TRUMP MIRA O PIX, BRASIL REAGE E A CRISE EXPÕE A NOVA GUERRA PELA SOBERANIA: ATÉ O GUARANÁ VIROU EXEMPLO DO ABSURDO

 

O Brasil acordou diante de uma cena que parecia piada pronta, mas que rapidamente virou assunto sério em Brasília, nas redes sociais, nos bancos, no comércio de bairro e até nas filas de mercado. O governo dos Estados Unidos, sob Donald Trump, voltou a colocar o Brasil no alvo de uma investigação comercial e propôs uma tarifa adicional de 25% sobre parte dos produtos brasileiros. Mas o que realmente incendiou o debate não foi apenas a ameaça tarifária. Foi o motivo que mais tocou o cotidiano do povo: o Pix.

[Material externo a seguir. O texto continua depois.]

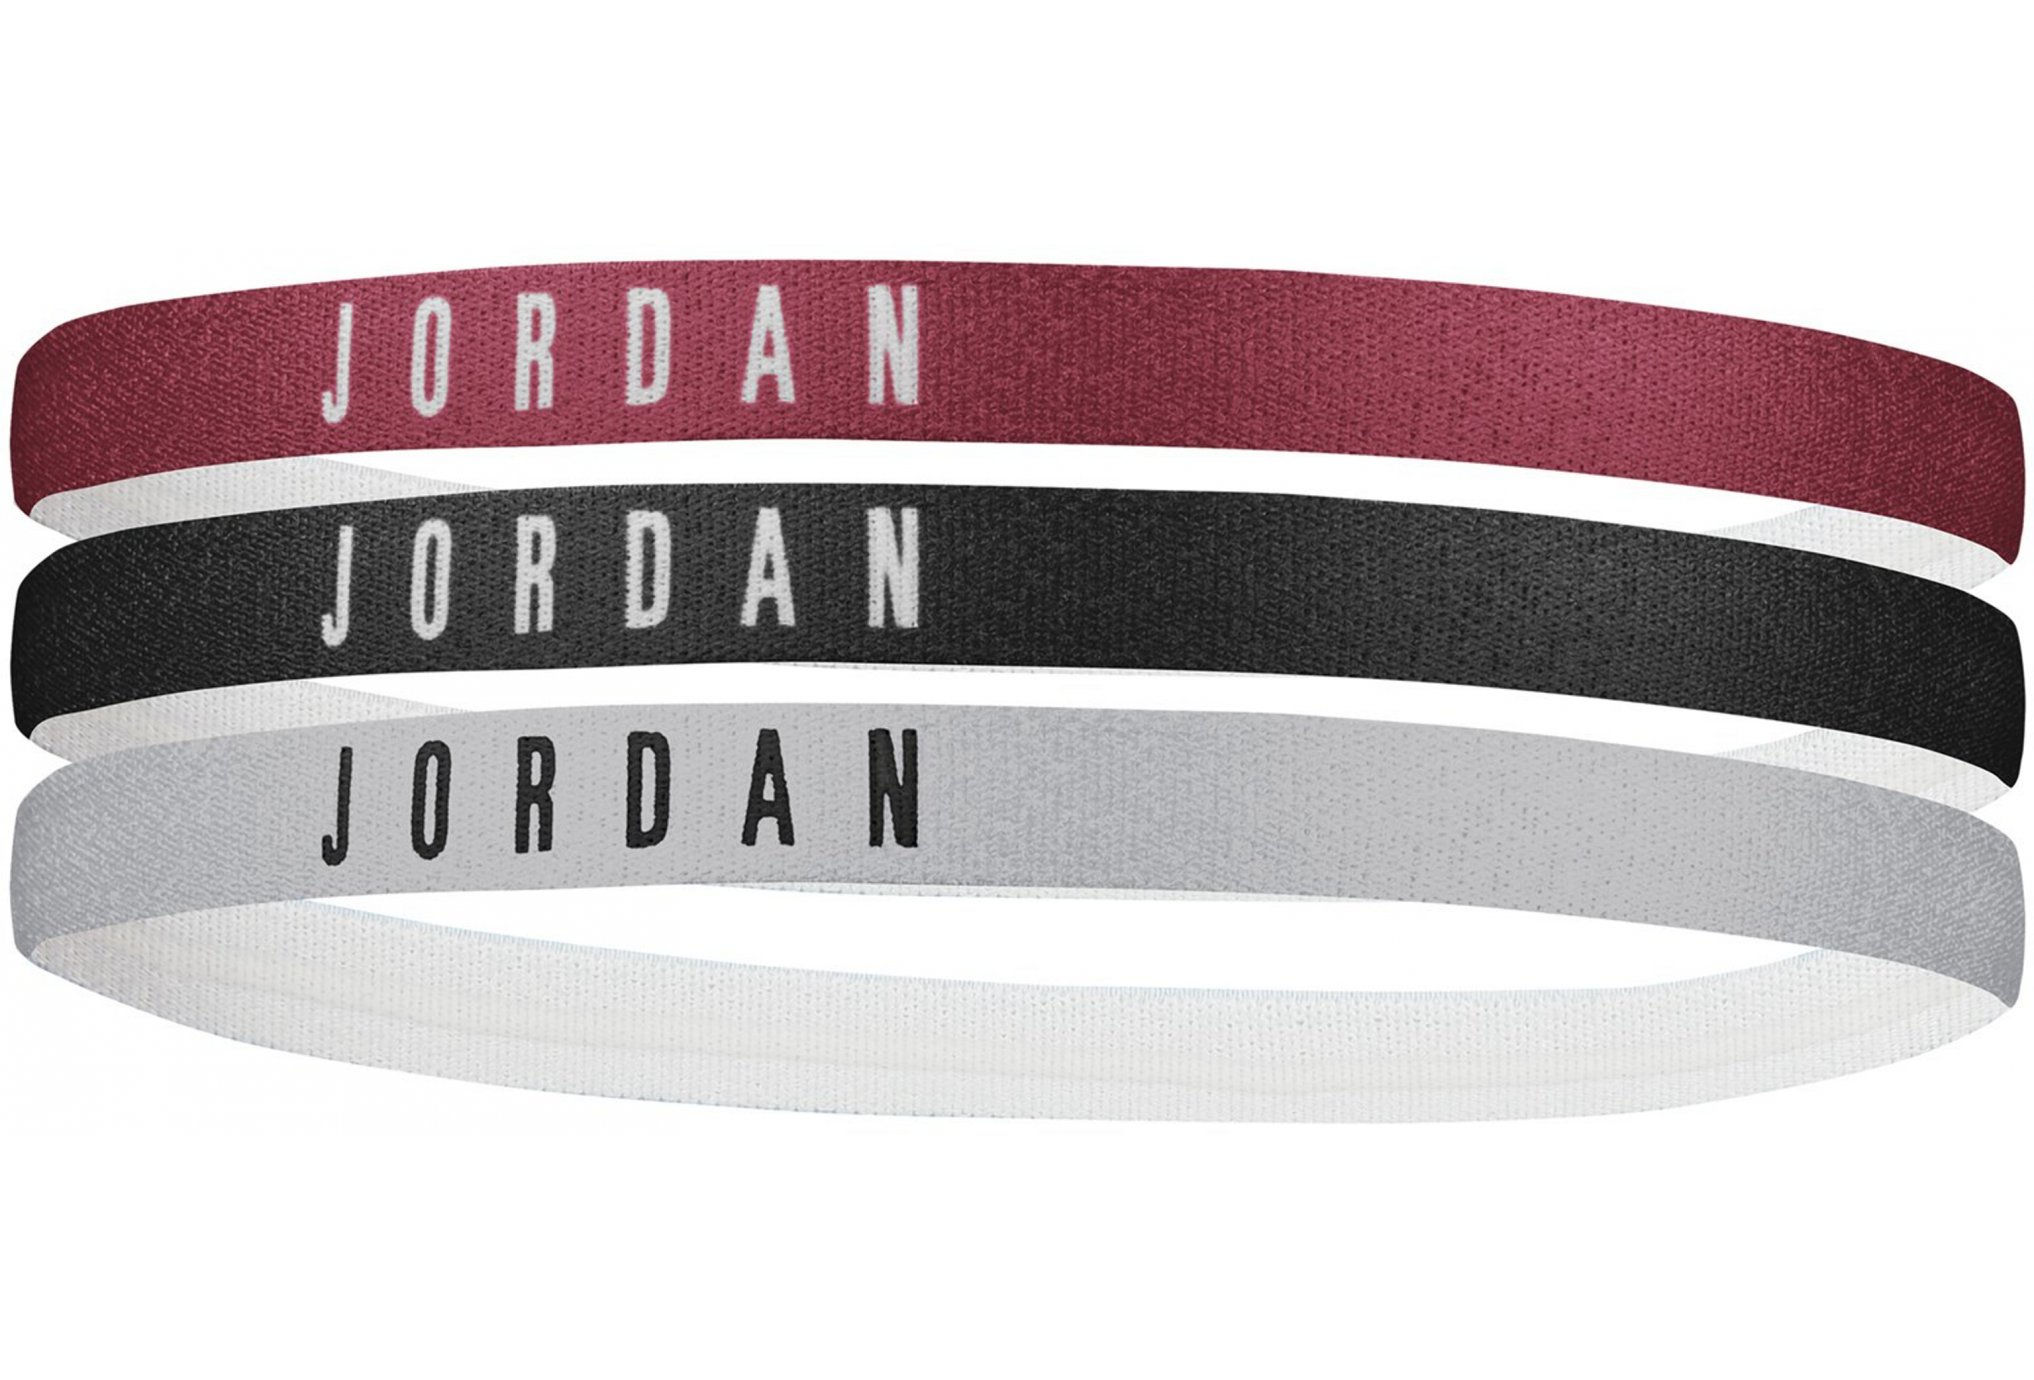 Nike Elastiques Jordan Headbands x3 Casquettes / bandeaux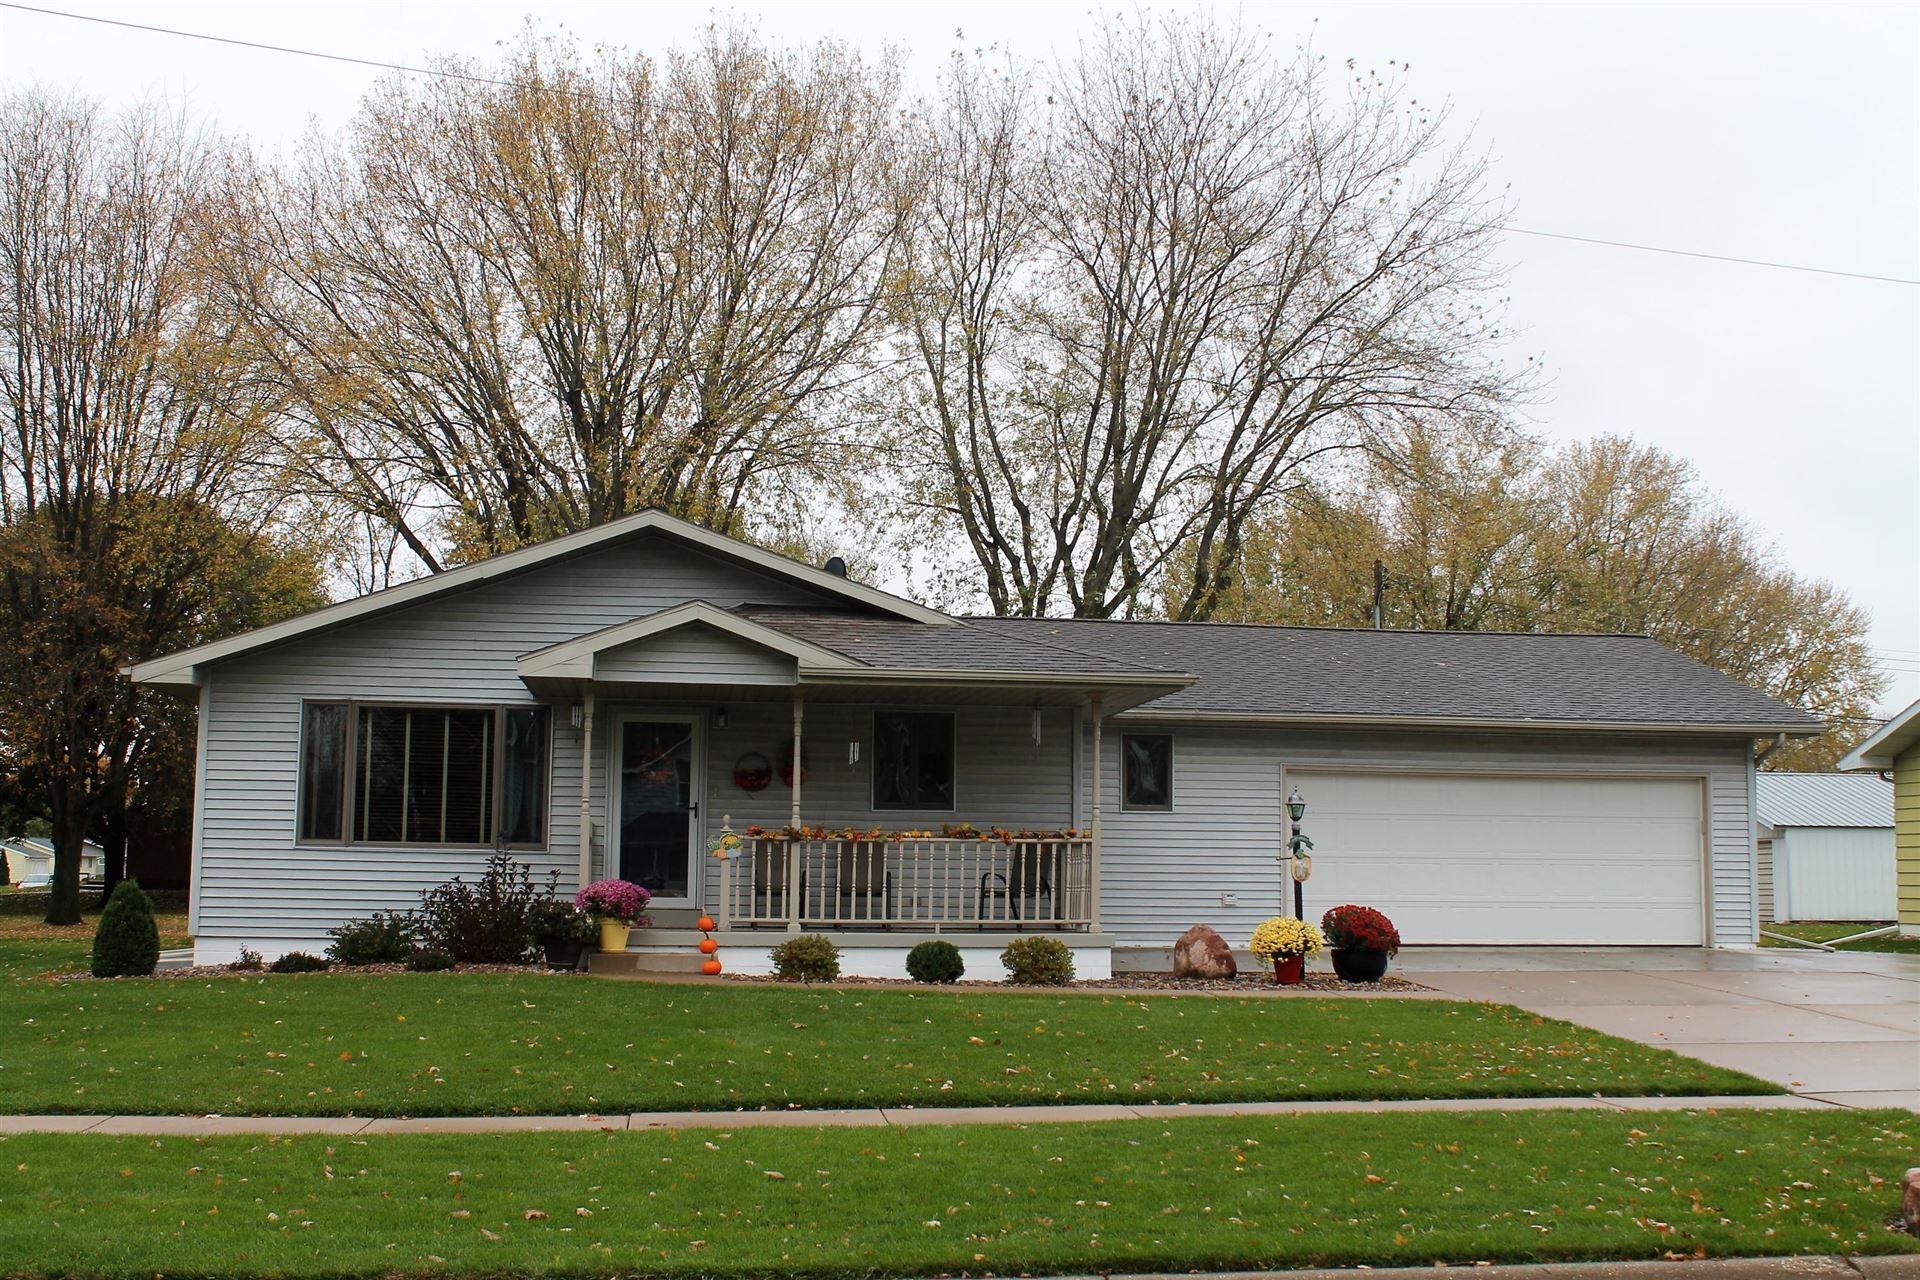 166 Oak Ave S, West Salem, WI 54669 - MLS#: 1716298

Sim, o Pix. A ferramenta que o brasileiro usa para pagar o pão, dividir a conta do almoço, receber o dinheiro de uma venda, ajudar um parente, comprar remédio, fechar negócio na feira e escapar de taxas abusivas virou, de repente, peça central de uma disputa internacional. Para Washington, o sistema brasileiro de pagamentos eletrônicos estaria prejudicando empresas americanas do setor financeiro. Para milhões de brasileiros, a leitura foi outra: quando uma solução pública, rápida e gratuita dá certo, incomoda quem ganhava muito com a velha dependência.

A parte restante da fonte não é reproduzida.